▶ [TASK DIRECTIONS]:
For the records that follow, please set down exactly the lines between the one holding "Presidential address: leadership, teamwork, and" and the one holding "View Of Vacation", inclusive, and only those.

▶ [RECORD EXTRACTS]:
# # #
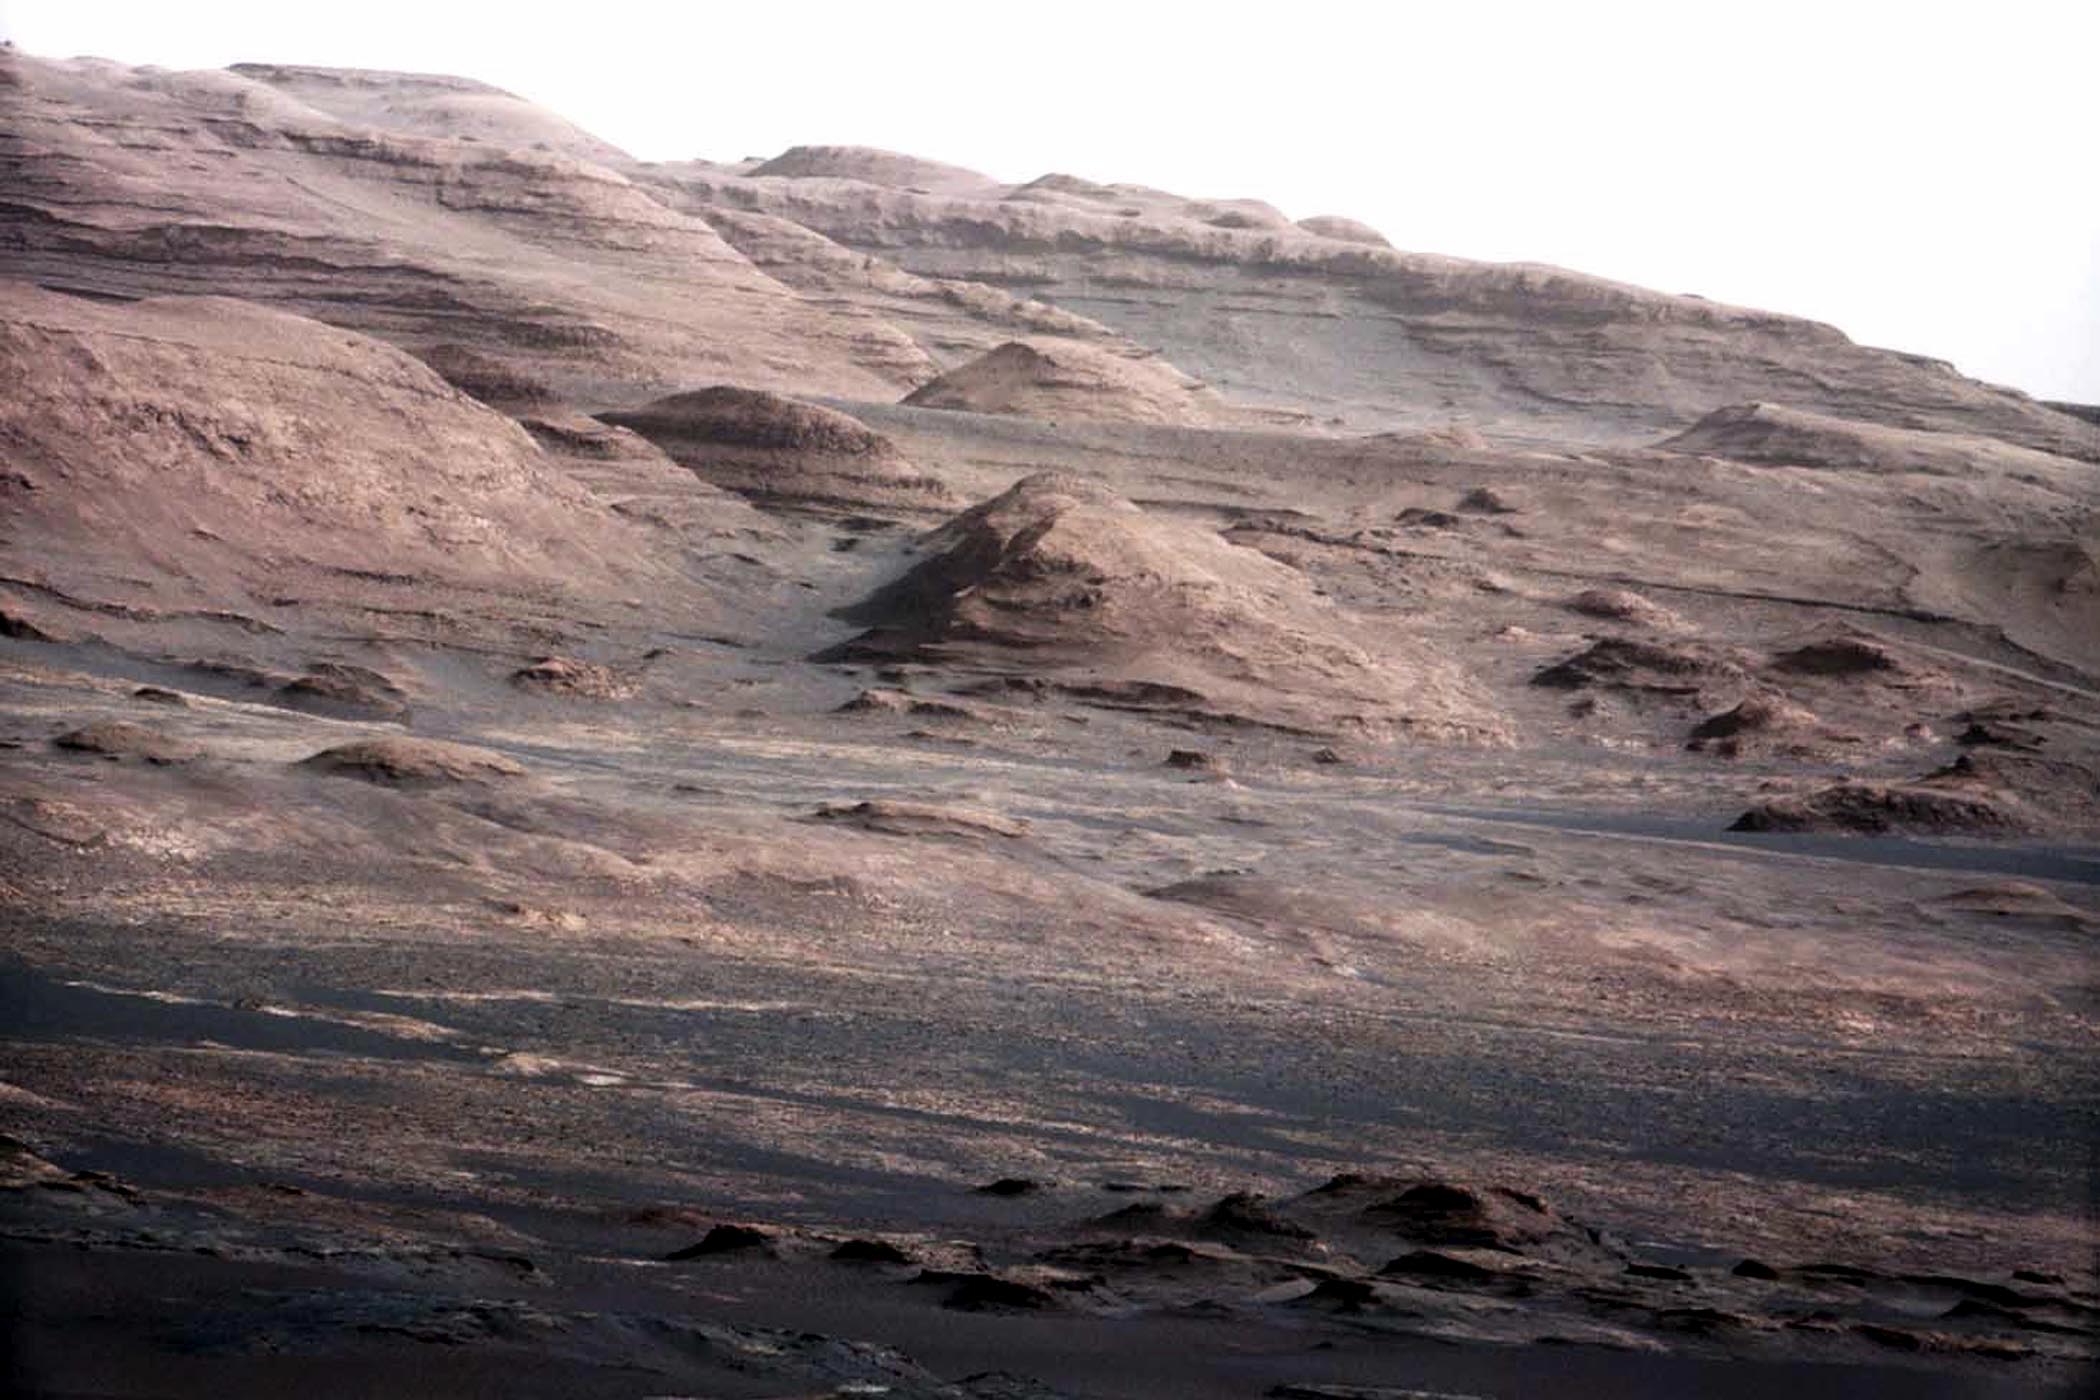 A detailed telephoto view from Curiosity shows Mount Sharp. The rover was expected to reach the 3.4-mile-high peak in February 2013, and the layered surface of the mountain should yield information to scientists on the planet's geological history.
# # #
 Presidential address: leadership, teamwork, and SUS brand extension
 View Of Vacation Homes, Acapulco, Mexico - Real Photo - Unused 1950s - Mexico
# # #
▶ [FINAL ANSWER]:
 Presidential address: leadership, teamwork, and SUS brand extension
 View Of Vacation Homes, Acapulco, Mexico - Real Photo - Unused 1950s - Mexico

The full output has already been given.